Questa parola “moderato” che l’agenzia di stampa AP continua a belare è ovviamente una totale assurdità. Stare in mezzo tra due partiti guerrafondai corporativi non ti rende un moderato, ti rende un guerrafondaio corporativista. Flournoy non è più “moderata” dei “ribelli moderati” in Siria che i mass media come AP hanno elogiato per anni fino a quando è diventato innegabile che erano in  gran parte affiliati di Al Qaeda. L’unico motivo per cui una posizione del genere può essere descritta come mainstream e moderata è perché sono state investite vaste fortune per farlo in questo modo.

‘Angelo della morte’

Come abbiamo discusso di recente, la Flournoy è un imperialista assetata di sangue e profittatrice della guerra che gli attivisti per la pace Medea Benjamin e Nicolas JS Davies hanno accuratamente etichettato come un “angelo della morte” per l’impero americano. Come leader del ridicolmente intitolato Dipartimento della “Difesa” ci si può aspettare che sovrintenda agli stessi programmi di dominio globale unipolare a spese di fiumi di sangue come i suoi predecessori, più o meno esattamente negli stessi modi.

Non c’è niente di speciale o degno di nota in un ghoul omicida che sale in cima a una macchina da guerra che può essere gestita solo da ghoul assassini. Ma poiché Michele Flournoy è una donna, vedremo la sua nomina a segretario della “difesa” applaudita e sostenuta come un importante punto di riferimento per le donne da una classe politico / mediatica che non si è mai interessata alle donne oltre alla loro capacità di far girare gli ingranaggi della macchina.

E ovviamente i manager narrativi dell’establishment stanno già ingrassando le ruote per quell’applauso.

“I progressisti bianchi che addestrano il loro fuoco su donne di colore che sono allo studio per guidare i dipartimenti della nat sec (national Securety-ndt.) mi mettono profondamente a disagio per la loro alleanza per quelle comunità”, ha  twittato la collaboratrice di MSNBC (Il canale televisivo USA via cavo di notizie h24-ndt.) Mieke Eoyang. “Soprattutto quando la comunità nat sec è dominata da uomini bianchi.”

Assassino di massa in Spanx

Diciamolo prima che inizi la parata del potere femminile: la prima donna a guidare la macchina da guerra degli Stati Uniti non sarà una pioniera rivoluzionaria delle conquiste femministe.
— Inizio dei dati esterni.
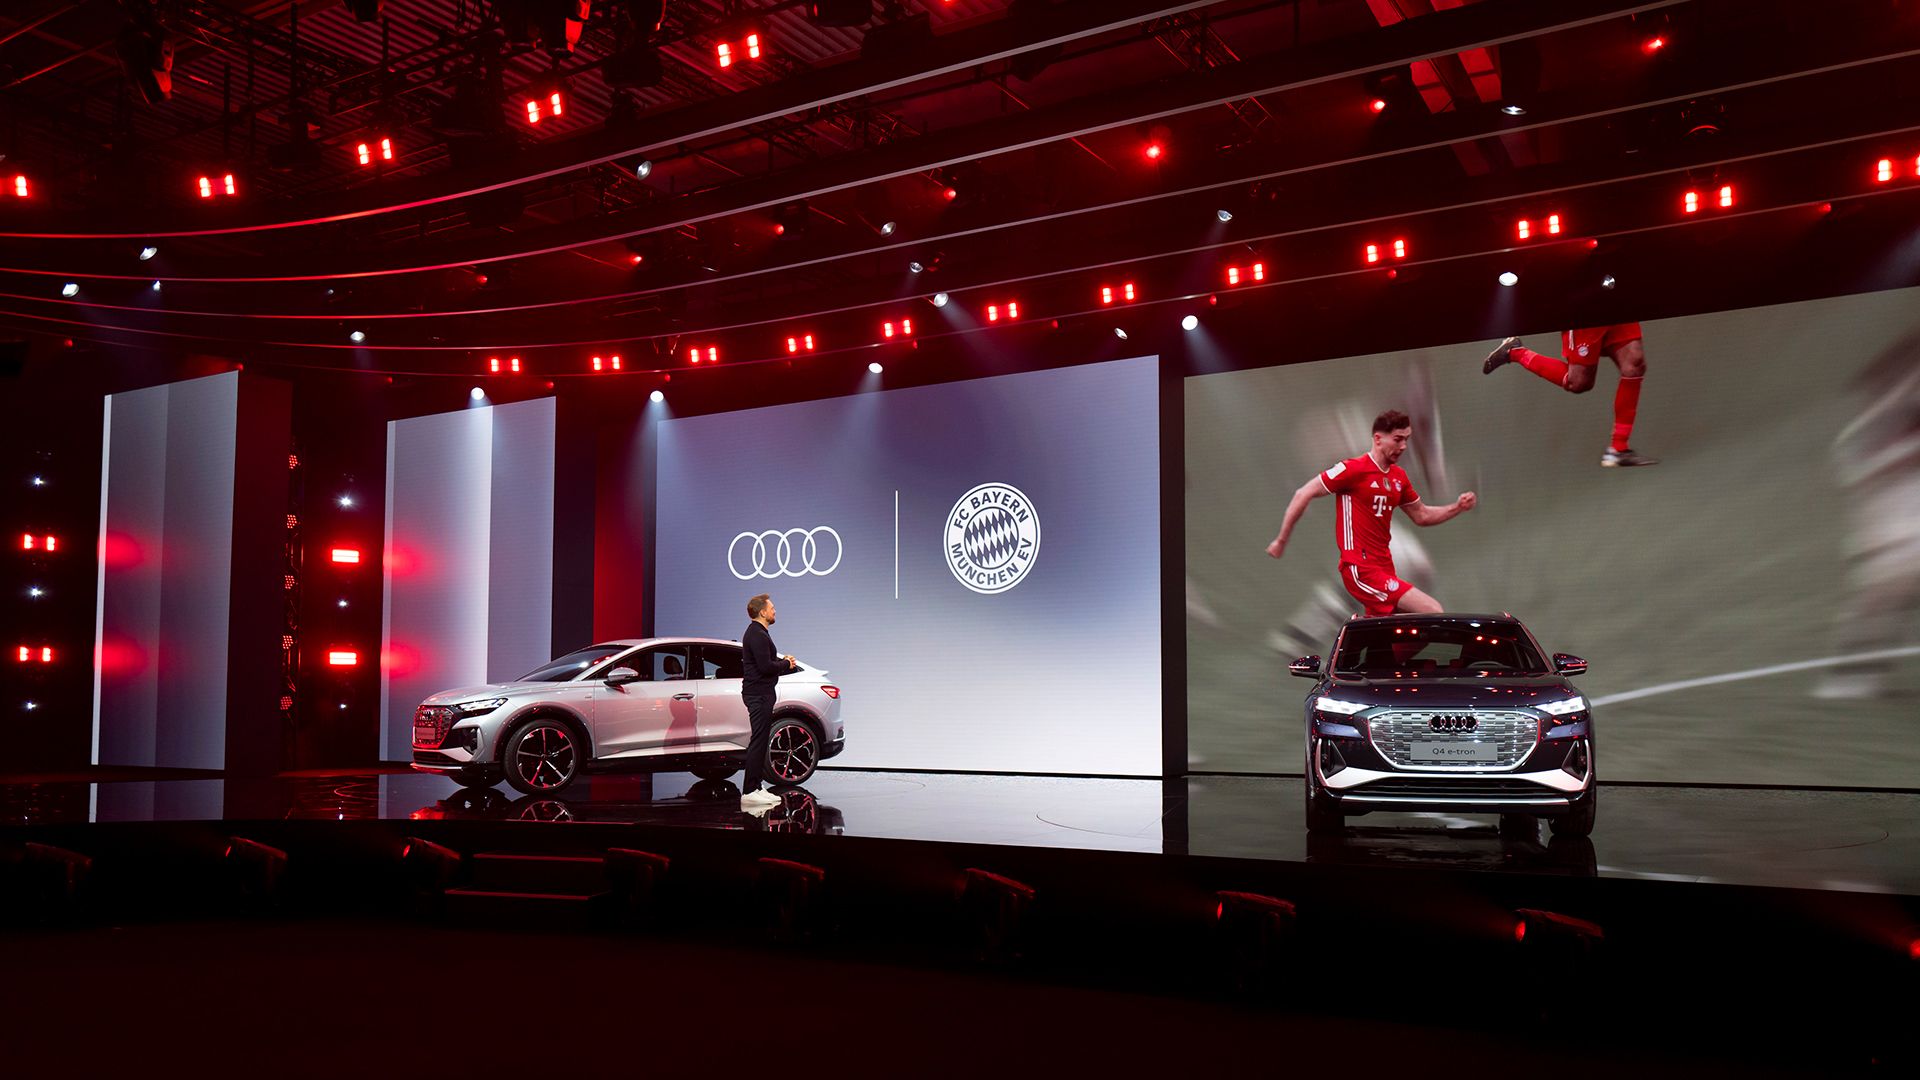 Deux modèles Audi sont sur scène. Les footballeurs apparaissent à l’écran.
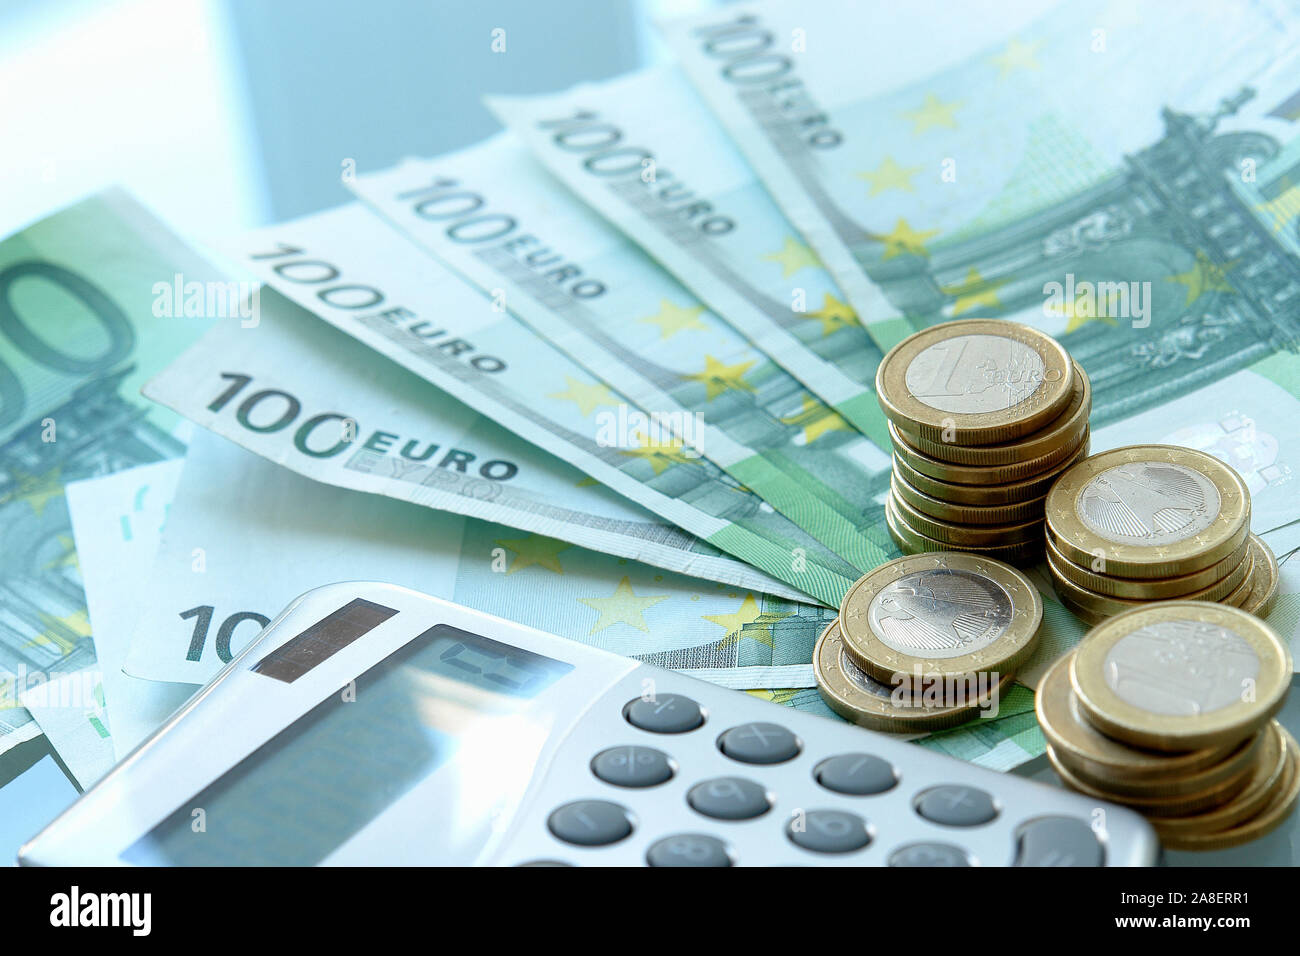 Taschenrechner und Euro, Stock Photo
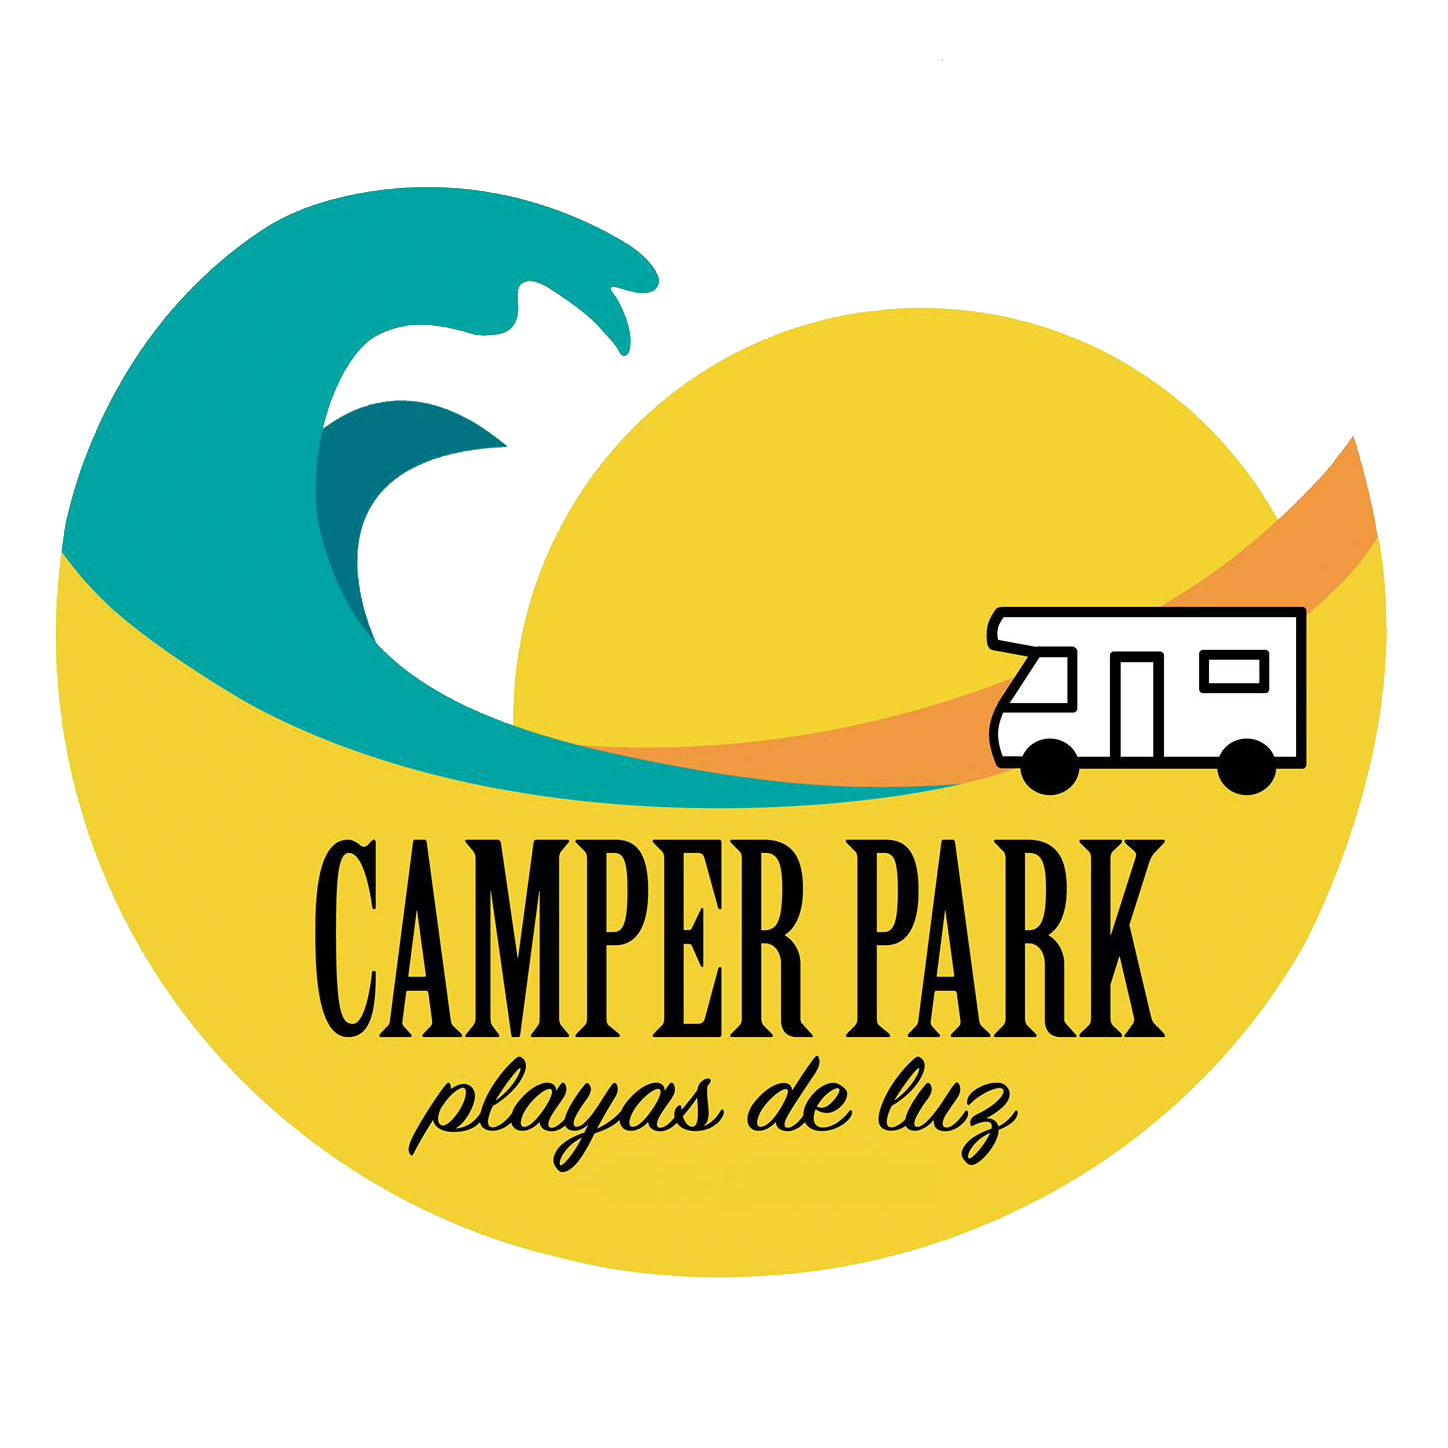 Camper Park Playas de Luz Overnight Camping Area

Sarà un’assassina di massa che indossa Spanx (Collant modellanti statunitensi-ndt.). La sua nomina non sarà un progresso per le donne, sarà l’imperialismo in pompa magna.

Il femminismo mainstream moderno ha abbandonato gli interessi delle donne così completamente in quasi tutte le sfere di importanza che è diventato in gran parte solo superficialmente distinto dal patriarcato a cui pretende di opporsi. La difficile situazione di madri, donne anziane, ragazze, tutori e mogli è stata quasi completamente eliminata dal discorso popolare, concentrandosi invece sulle discussioni sul fatto che le donne siano adeguatamente ricompensate per il loro servizio al Dio del capitalismo, o su come “sei qualificata quanto gli uomini per uccidere migliaia di persone alla volta”.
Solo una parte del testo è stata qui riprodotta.